Jihad-Defence-Indonesia - JAKARTA : Rambo - tokoh heroik ternama dalam film produksi Hollywood, Amerika Serikat - tiba-tiba menjadi bahan pembicaraan dalam acara peluncuran buku berjudul "Ancaman di Batas Negeri" karya Maria Dominique yang digelar Makostrad (Markas Komando Cadangan Strategis TNI AD) Jakarta Pusat, Rabu (12/12/2012) kemarin.
Menurut Maria Dominique, kehebatan Rambo dalam berperang tersebut hanya bohong belaka. Jika dibandingkan dengan kehebatan pasukan Kostrad, kata Maria, Rambo tidak ada apa-apanya. "Kostrad jauh lebih hebat," tegas Maria.
Kenapa Maria bisa ngomong demikian? Maria rupanya pernah "menguntit" perjuangan pasukan Kostrad selama menjaga perbatasan Indonesia-Malaysia di Entikong. Kisah perjalananya mengikuti Satgas Pamtas Yonif Linud-305 Kujang I Kostrad itulah yang dia dokumentasikan dalam buku berjudul "Ancaman di Batas Negeri" tersebut.

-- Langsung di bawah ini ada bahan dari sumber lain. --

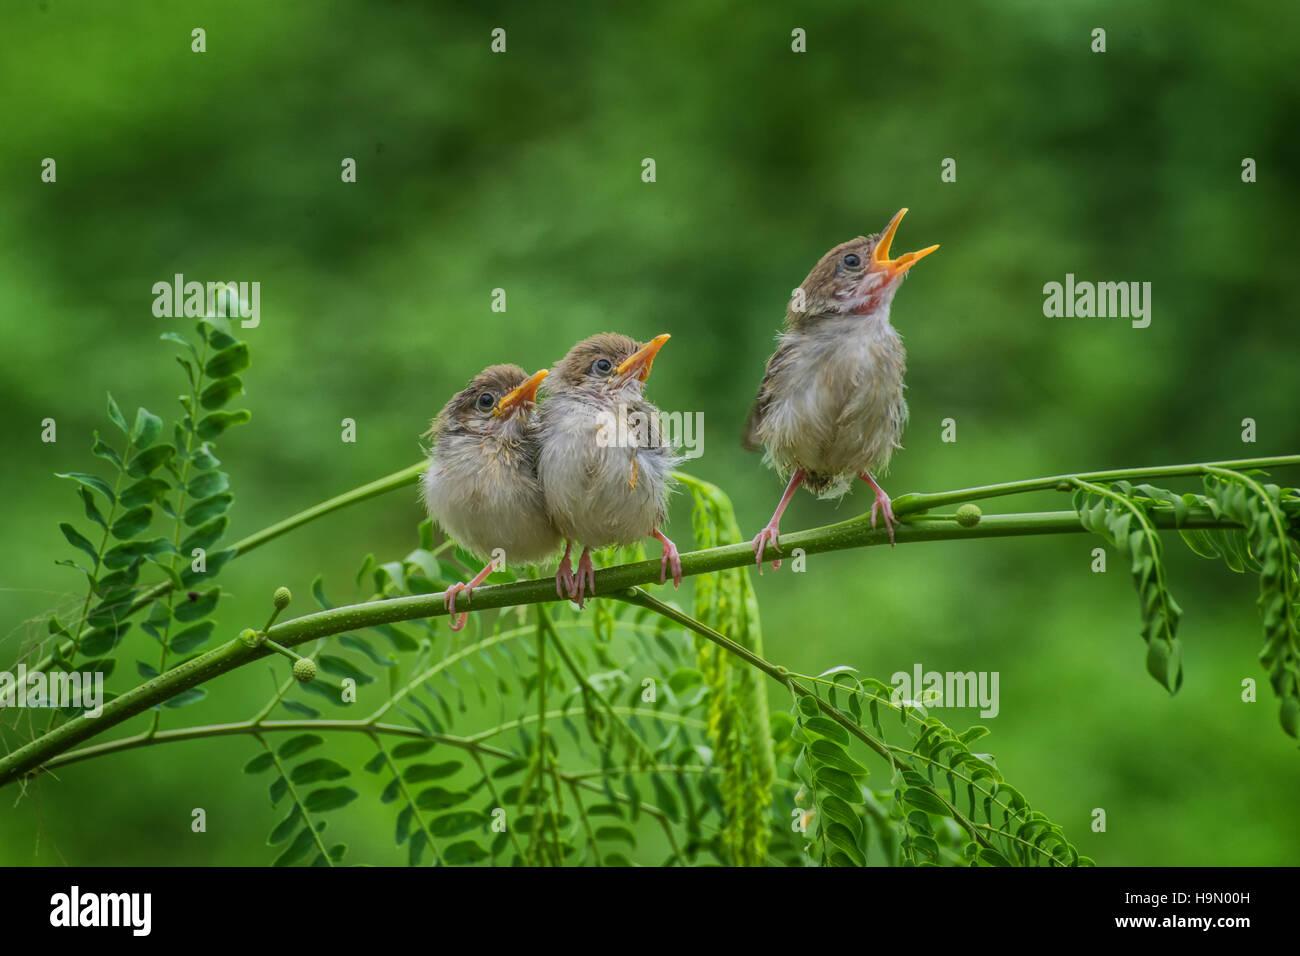 Singing bird stockfotos bilder alamy

Kenapa Maria bisa ngomong demikian? Maria rupanya pernah "menguntit" perjuangan pasukan Kostrad selama menjaga perbatasan Indonesia-Malaysia di Entikong. Kisah perjalananya mengikuti Satgas Pamtas Yonif Linud-305 Kujang I Kostrad itulah yang dia dokumentasikan dalam buku berjudul "Ancaman di Batas Negeri" tersebut.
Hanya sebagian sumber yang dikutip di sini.